If, on the other hand, the “Bush tax cuts” expire at the end of 2012 as they currently are scheduled to do, the top tax rates would increase. The top tax rate for ordinary income would go from the current 35 percent to 39.6 percent. Dividends would be taxed as ordinary income. Capital gains would be taxed at a top rate of 20 percent. Thus, for investment income the top tax rate would rise to 43.4 percent for ordinary income, short-term gains, and dividends. The top tax rate for capital gains would rise to 23.8 percent.

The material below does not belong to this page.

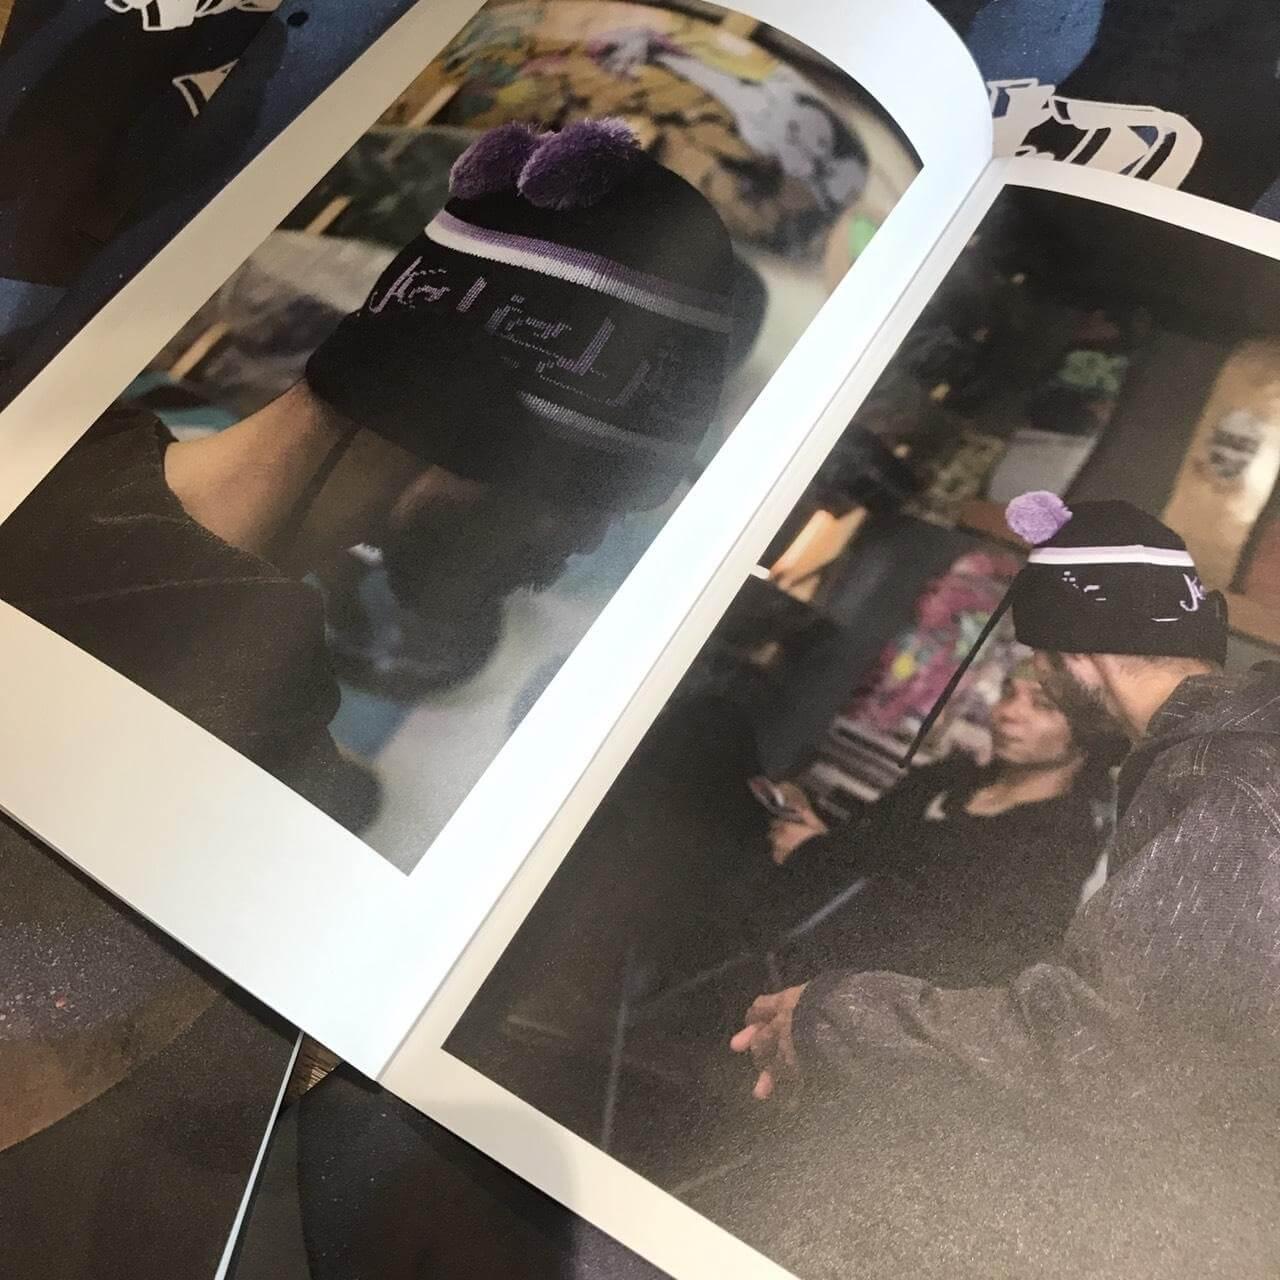 MEN YARD FIGHTなどでポップアップを行う「KIRIME」、次の展示は東急プラザ銀座にて life-fashion210424-kirime-7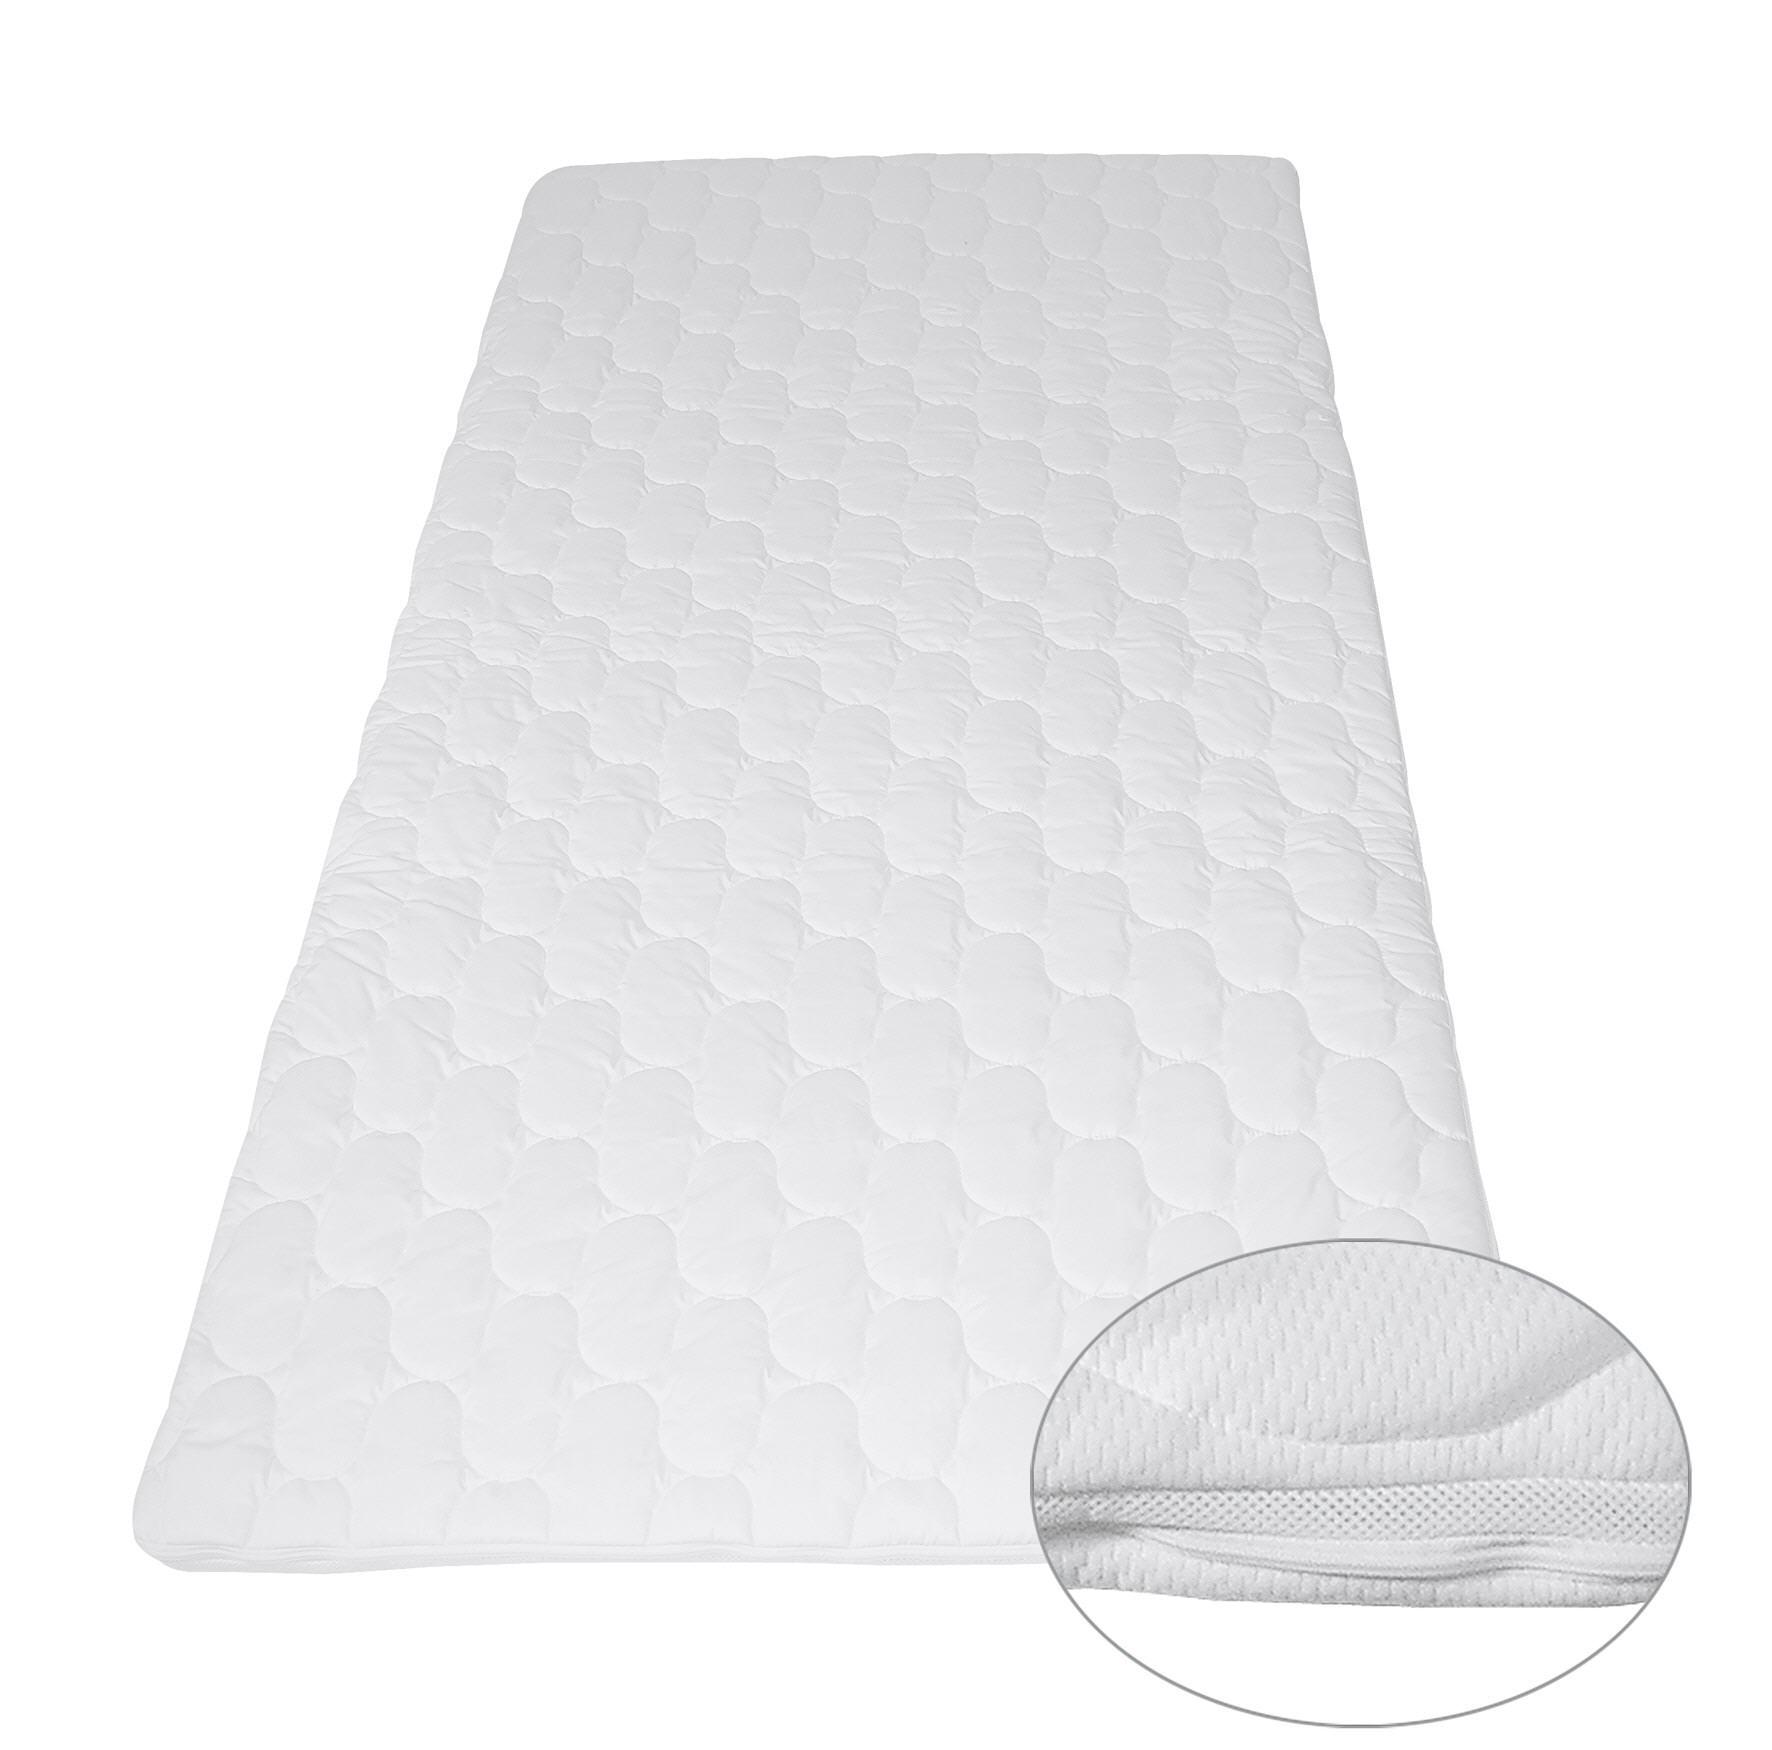 topper f r hotel matratzen g nstig online bestellen. Black Bedroom Furniture Sets. Home Design Ideas

The other provisions should not create material issues for genuine expatriates. Qualifying expatriates should not be subject to the individual mandate penalty. However, if they fail to qualify for the earned income exclusion in any particular year they may face the penalty. The Hospital Insurance Tax should not apply if the expatriate has a certificate of coverage under a social security treaty between their home country and the United States. If that is not available then an additional 0.9 percent tax should apply to their gross income in excess of the threshold amount.